Preprints
https://doi.org/10.5194/egusphere-2025-2884
https://doi.org/10.5194/egusphere-2025-2884
14 Jul 2025
 | 14 Jul 2025
Status: this preprint is open for discussion and under review for Geoscientific Instrumentation, Methods and Data Systems (GI).

Research on a microseismic signal picking algorithm based on GTOA clustering

Hongjie Zheng, Yongqing Wang, Qisheng Zhang, Zewen Li, and Lin Chao

Abstract. Clustering is one of the challenging problems in machine learning. Adopting clustering methods for the picking of microseismic signals has emerged as a new approach.
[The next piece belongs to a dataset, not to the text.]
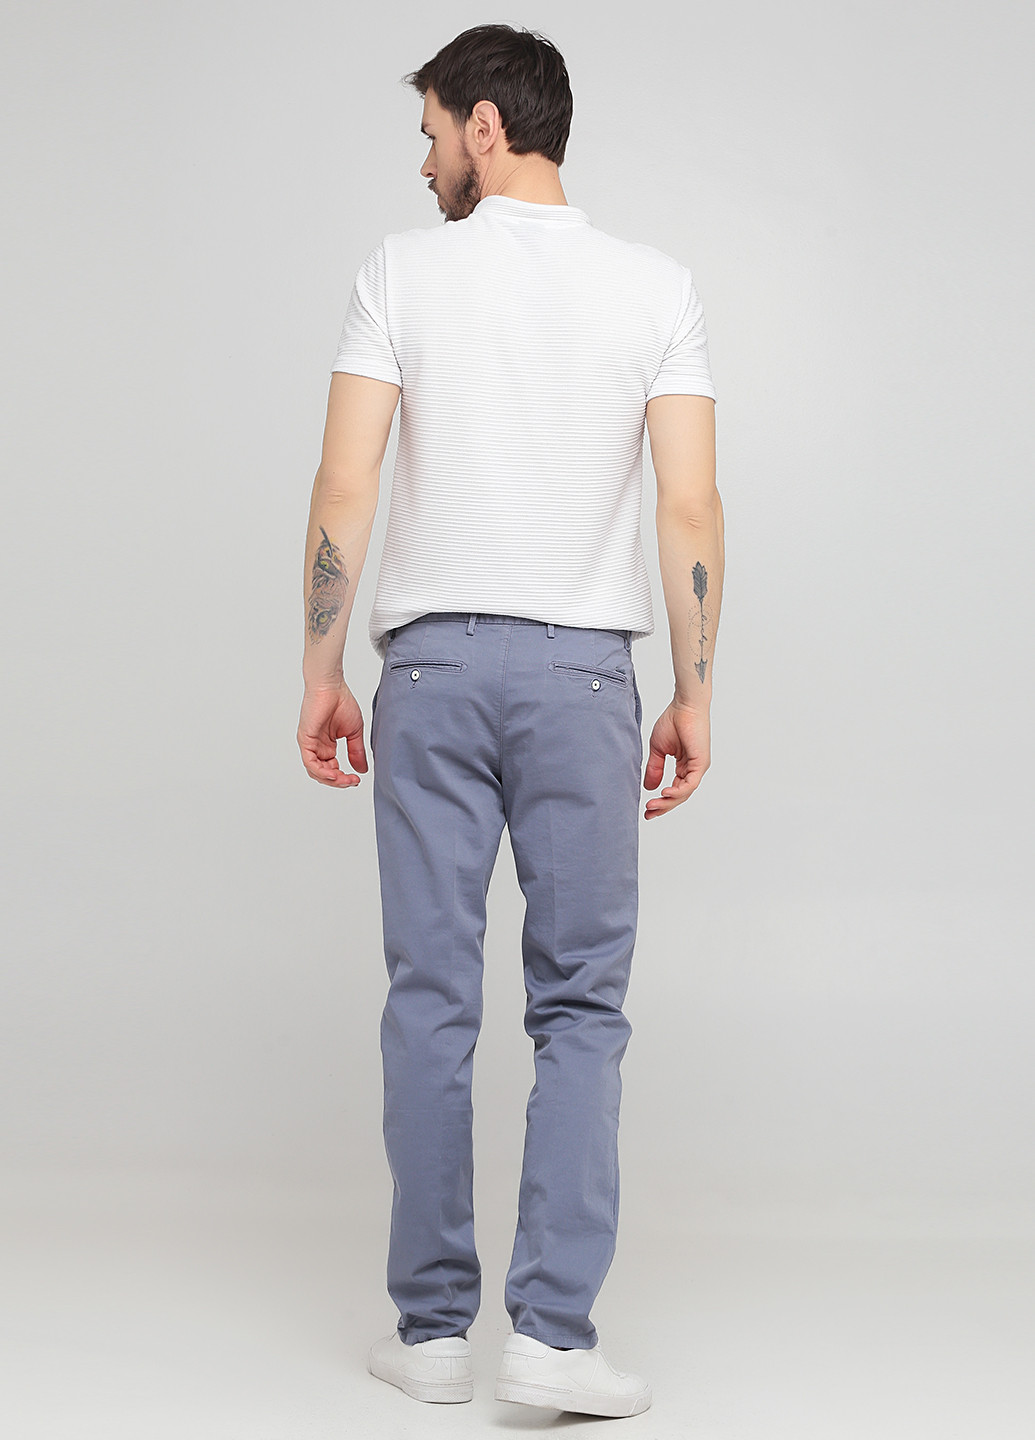 Голубые кэжуал демисезонные чиносы брюки Massimo Dutti

However, due to the low separation of signals generated by microseismic events in real environments and the presence of noise data, existing clustering methods often struggle to achieve satisfactory results. To address these challenges, this paper proposes a clustering method based on the Group Theory Optimization Algorithm (GTOA), combined with the Akaike Information Criterion(AIC) to form an innovative microseismic signal picking algorithm. The GTOA clustering method overcomes the shortcomings of traditional mean clustering algorithms, which are easily influenced by the initial positions of centroids, thus improving the quality of clustering results and enhancing the accuracy of microseismic signal picking. Experiments evaluate the clustering effects using three performance metrics, statistically analyzing the computational results of the GTOA clustering algorithm against six other clustering methods based on evolutionary algorithms across four datasets. The comparative results indicate that the GTOA clustering method outperforms other algorithms in terms of solution quality and exhibits good robustness. Finally, using the GTOA clustering method as the foundation for the designed microseismic signal picking algorithm, experiments comparing it with traditional signal picking methods on low signal-to-noise ratio time series data show that the GTOA-based microseismic signal picking algorithm designed in this paper achieves good picking accuracy.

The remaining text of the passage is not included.